Group buying startup Gobillion wants to encourage small-town India to shop together, save together
Roshan Farhan, who grew up in Guwahati, saw first-hand how little people in small towns thought of online shopping.
“Even today, if I tell my parents or their friends to buy through online marketplaces, they will not. Despite the fact that they see me shopping online. There is a trust deficit,” Roshan says.
But these small towns spread across India represent a vast, underserved market and a massive opportunity. One that Roshan decided to tap with his best friend Kulapradip Bharali .
Together, the two co-founded Delhi-based, which aims to make online shopping an “interactive and fun” experience. The group-buying startup, which began with an initial investment of Rs 5 lakh, works on a model, which encourages consumers to buy together and benefit from discounts based on their aggregated purchasing quantity.
The co-founders believe that India, which now reportedly has more than 800 million internet users, is ripe for disruption in the group buying section.

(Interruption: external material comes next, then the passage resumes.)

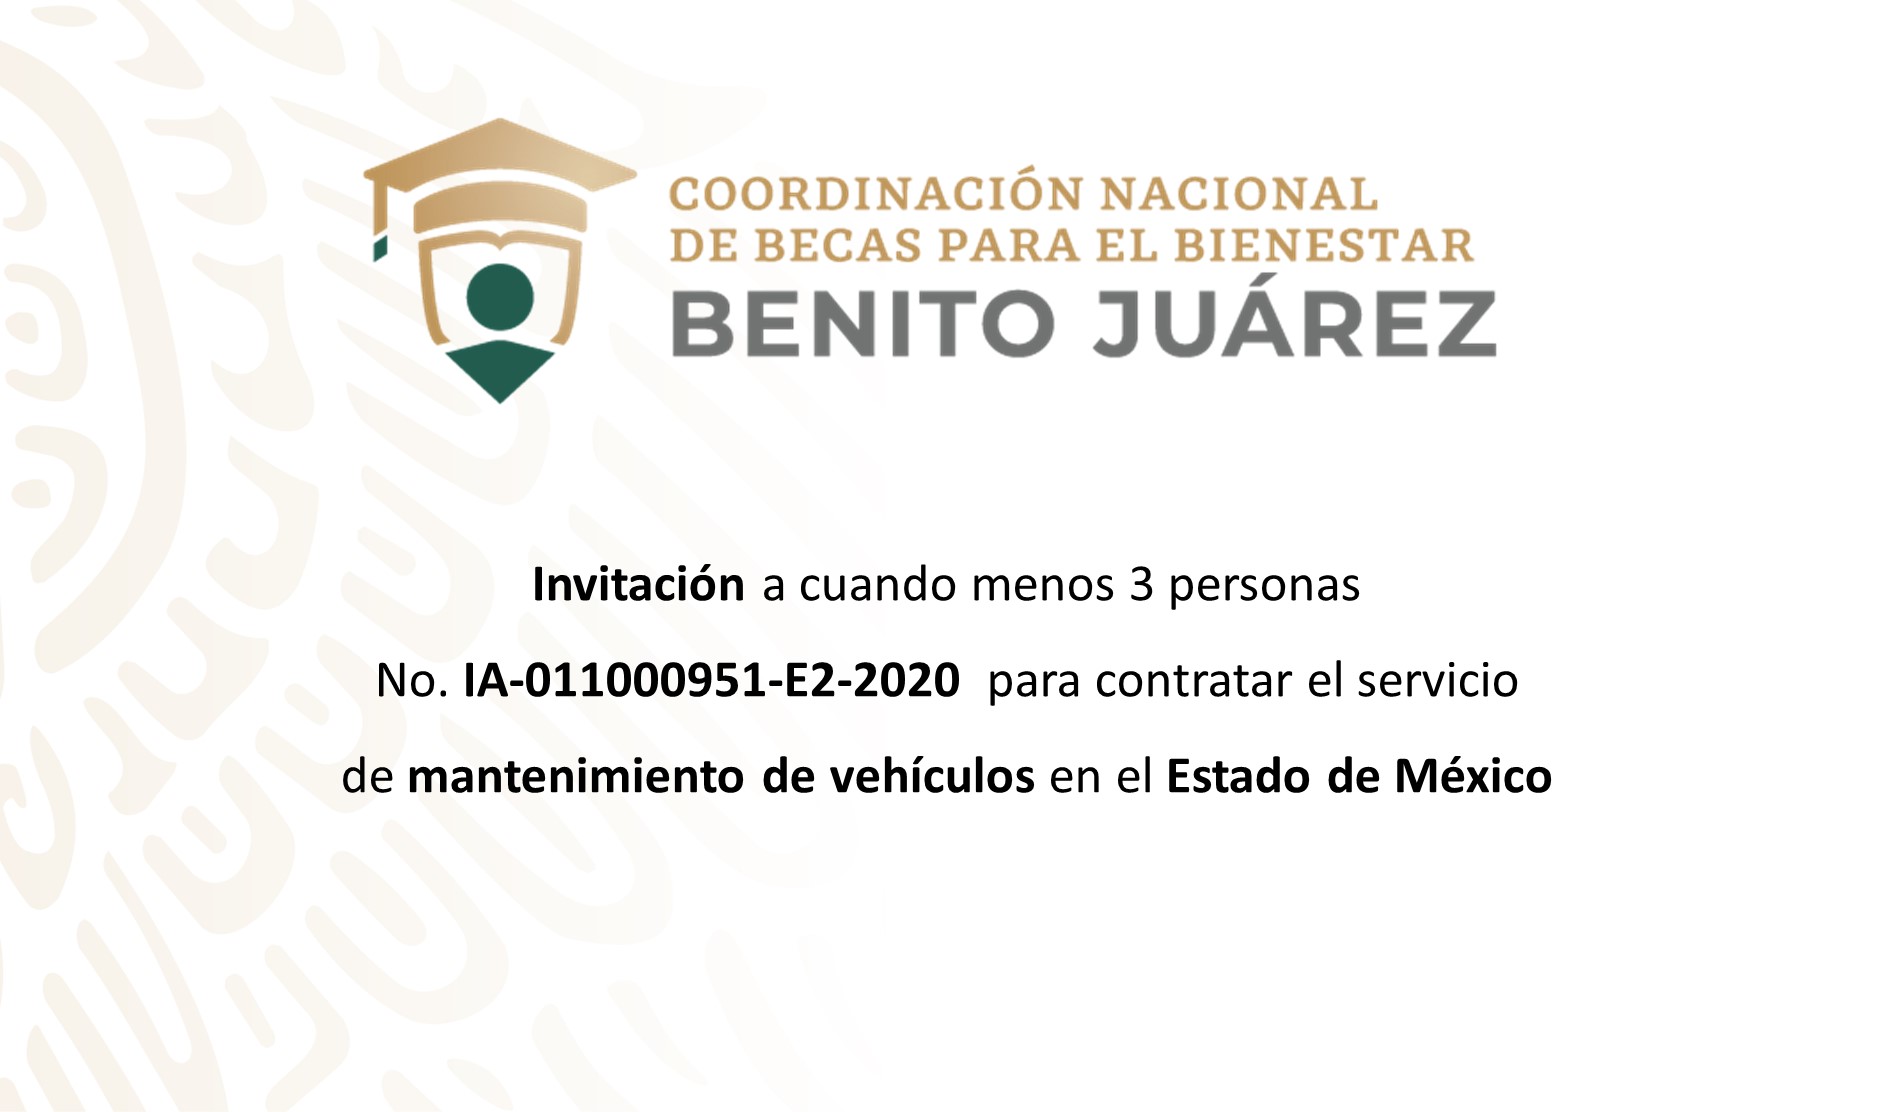 Invitación a cuando menos tres personas  para contratar el servicio de mantenimiento de vehículos en el Estado de México
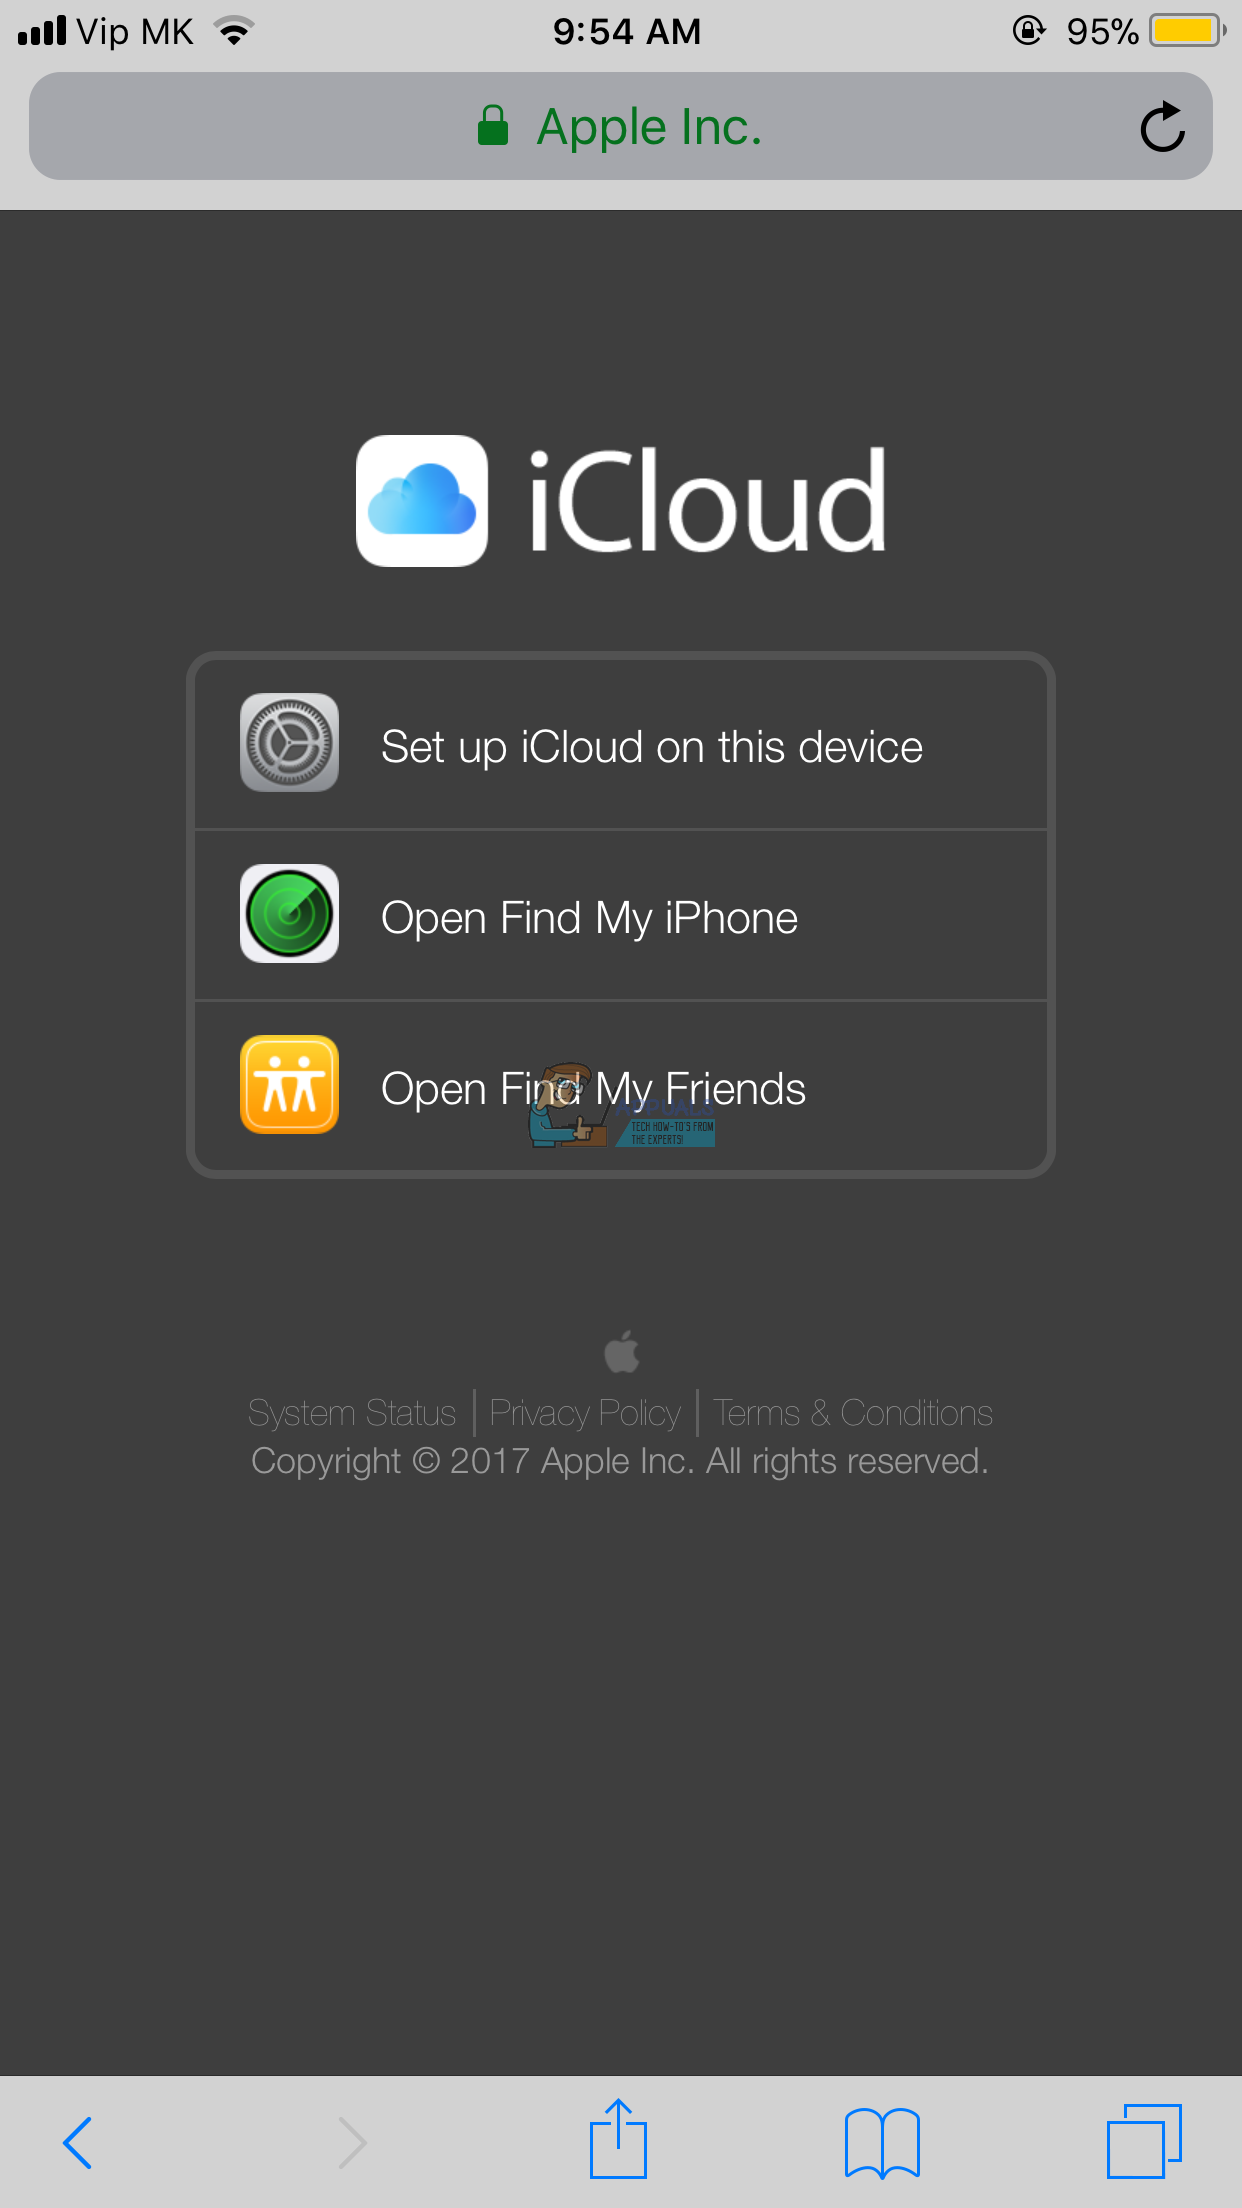 Hogyan lehet bejelentkezni az iCloud.com webhelyre iPhone vagy iPad készülékével

Roshan says digital adoption has reached even the smallest of towns across the country and feels that when people see others in their circle ordering online, they are ready to do so themselves.
“That is what has worked for us. When people share deals with their friends through WhatsApp, which will give them discounts, they are totally involved. It then becomes a game for them,” he says.
After the idea came to them in 2020, the core team decided to do a pilot run of the app in Guwahati.
“We started with small towns because the eastern part of India is still quite underserved when it comes to ecommerce. And, if something works in a small town, it has a higher chance of working in bigger cities,” Roshan says.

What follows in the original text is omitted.